Just now, I thought it an interesting observation that my response to a national emergency broadcast was so different.
I remember when I first witnessed the 9/11 attacks on TV; I thought that I had mistakenly tuned into the middle of some off-color movie about terrorist attacks on American soil. I first assumed that what I was witnessing could not possibly be true because nobody would dare to attack the United States of America, the most powerful nation on the planet. My perception of our country was that we were invincible. The thought that four commercial jets had been hijacked and purposely crashed was absurd. As I watched, I realized that someone actually had attacked us, and succeeded on an unprecedented scale to strike fear—and anger—into the hearts of Americans across the nation.
Today, we are raised to think for ourselves, to verify fact, to reason. Information about nearly anything is available in moments if we care to research it, and we take information at face value.
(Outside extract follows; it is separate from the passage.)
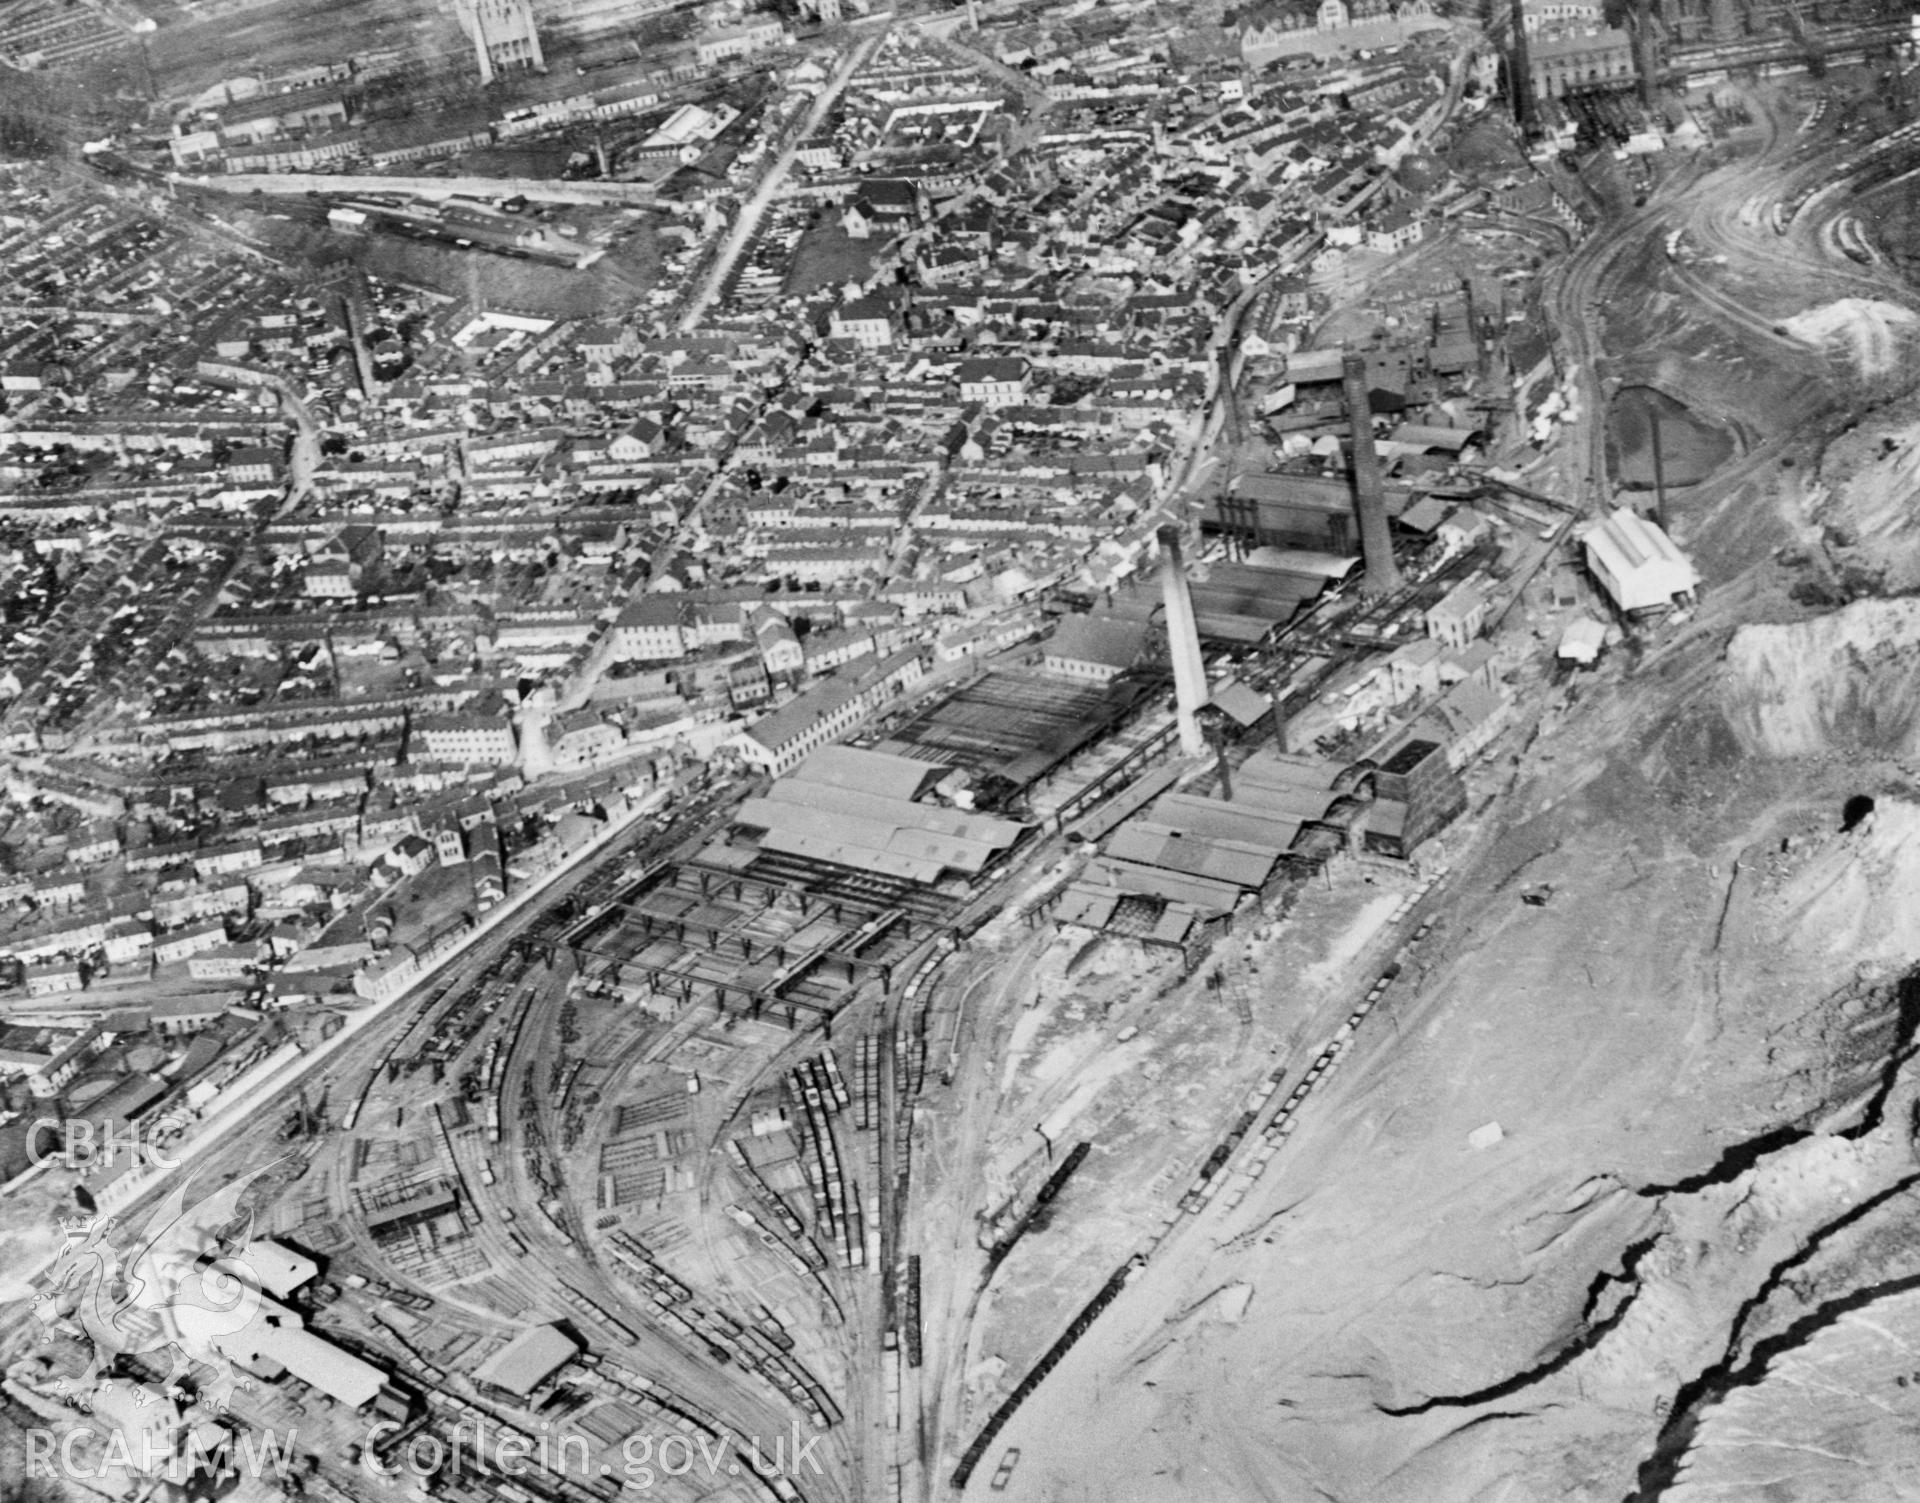 View of Dowlais Ironworks, Merthyr showing the 'Goat Mill'. Oblique aerial photograph, 5?x4? BW glass plate.

Society has learned to distrust mass media establishments instead of blindly accepting what is broadcast or published.
This event was a turning point in American thought. The country was so “overly excited,” as a fellow student at AIO observed, in its perception of threat to America because of World War II that many Americans accepted and believed that aliens had landed on our planet and were carrying out a mission of death and destruction.
In a way, it is sad that people are not as trusting, have grown so cynical. But if it also means that we are less susceptible to a future attack, such as 9/11, then it is a necessary overhead that our society must bear.